In questa seconda lettera di
risposta al marchese di Chastellux, in data 29 Gennaio 1766,
Pietro Metastasio, dopo avere dichiarato il suo amore per la
musica, a seguito e in accordo con l’elogio di quest’arte
ribadito dal nobile francese, pur tuttavia fa osservare che
spesso i compositori della loro epoca esprimono con le loro
intonazioni stati d’animo e sentimenti stridenti e apertamente
in contrasto con i testi e/o le situazioni evocate dalle
narrazioni drammatiche, così da ingenerare nello spettatore la
più sconfortante confusione, a dispetto della ricchezza
evocativa sia della poesia quanto della musica, procurandogli
una frustrante indecisione sia nel propendere verso la prima che
nel preferire, all’opposto, la seconda.
La sorta di irresoluta
schizofrenia indotta nel pubblico, al pari della indipendenza ed
autonomia dell’uno rispetto all’altro linguaggio, a dispetto
della ricchezza delle risoluzioni metriche inventate dalla
grande tradizione greco-latina, sia nel campo della poesia che
in quello musicale, rivela la necessità che una sola tra queste
due arti abbia la possibilità di governare e guidare
quell’insieme complesso, ma al tempo stesso riducibile a
macchina semplice, coincidente con il melodramma.

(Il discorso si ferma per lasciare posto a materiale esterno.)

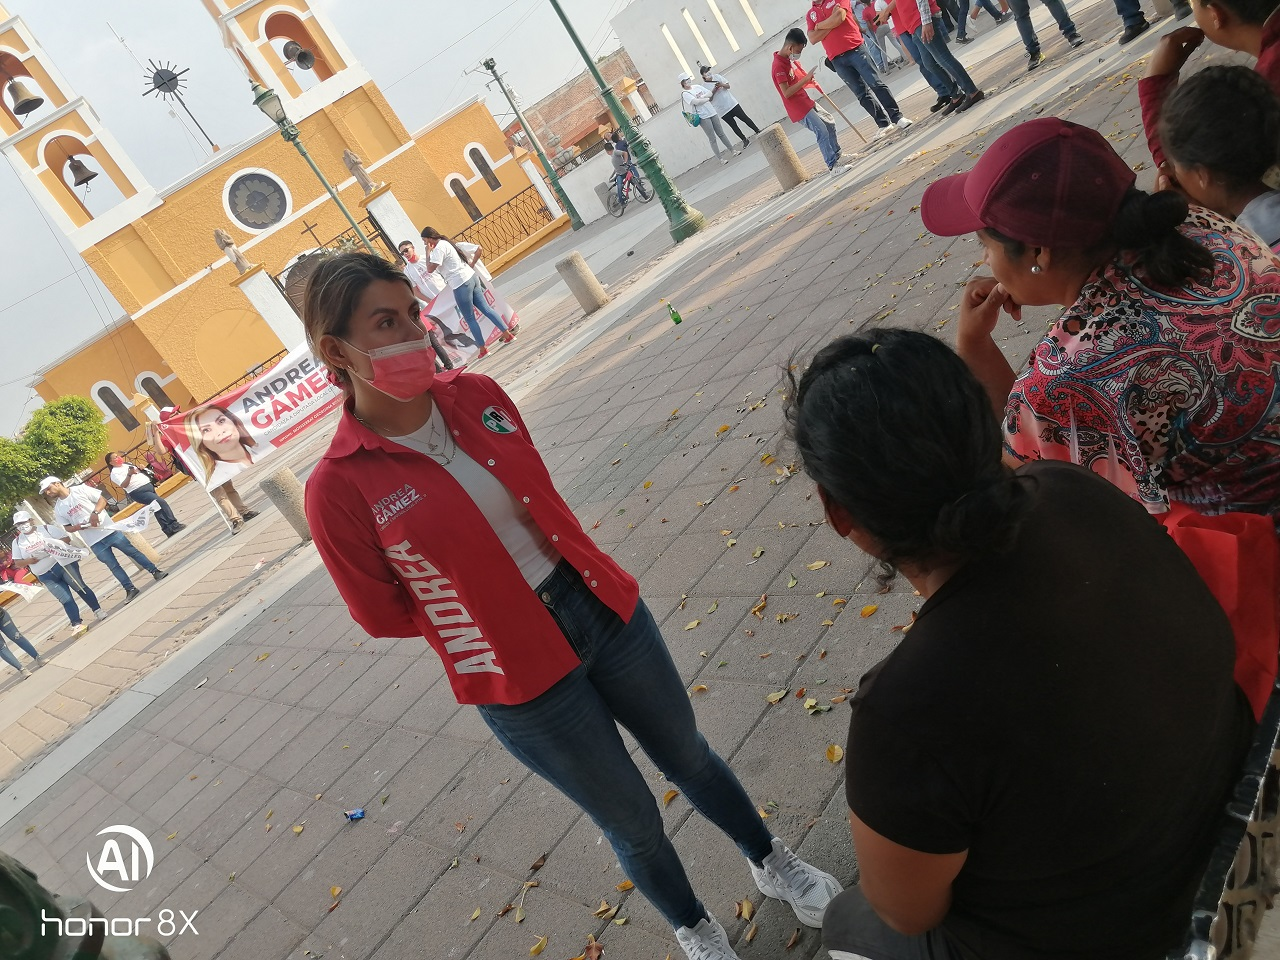 Oportunidades reales para jóvenes, para evitar riesgo de adicciones:   Andrea Gámez

La scelta da parte del Poeta
Cesareo nel governare il melodramma non può non ricadere che
sulla poesia, anche in presenza, in Francia, di un teatro che si
chiama «lirico», perché, nonostante che la favola, i
caratteri, l’elocuzione, la sentenza e la
decorazione, ed infine la musica siano le parti che
regnano nella tragedia, come racconta Aristotele, nonostante
proprio la musica abbia la funzione di regolare armoniosamente
le proporzioni delle voci per parlare ad un pubblico e farsi
chiaramente da questo intendere, eppure «se in cotesto teatro
lirico si rappresenta un’azione, se vi si annoda, se vi si
scioglie una favola, se vi sono personaggi e caratteri, la
musica è in casa altrui, e non vi può fare da padrona».
Anche ammesso che la musica abbia
la possibilità di esercitare il ruolo di guida e di governo del
teatro drammatico, in luogo e sostituzione della poesia, occorre
che la musica «s’incarichi ella in tal caso della scelta del
soggetto, dell’economia della favola; determini i personaggi da
introdursi, i caratteri e le situazioni loro; immagini le
decorazioni; inventi poi le sue cantilene, e commetta finalmente
alla poesia di scrivere i suoi versi a seconda di quelle. E se
ricusa di farlo perché di tante facoltà necessarie
all’esecuzione d’un dramma non possiede che la sola scienza de’
suoni, lasci la dittatura a chi le ha tutte, e […] confessi di
non saper comandare, ed ubbidisca».
Le inequivocabili argomentazioni
di Pietro Metastasio a favore della poesia drammatica come fonte
di ispirazione creativa della musica, vincolante lo stesso campo
espressivo di quest’ultima all’interno del melodramma, non
sarebbero state più confutate né ulteriormente discusse dallo
Chastellux, sebbene, o forse proprio in ragione di ciò, stesse
procedendo l’ affermazione anche in Francia della “riforma” del
modello metastasiano condotta da W. Gluck e da Ranieri de’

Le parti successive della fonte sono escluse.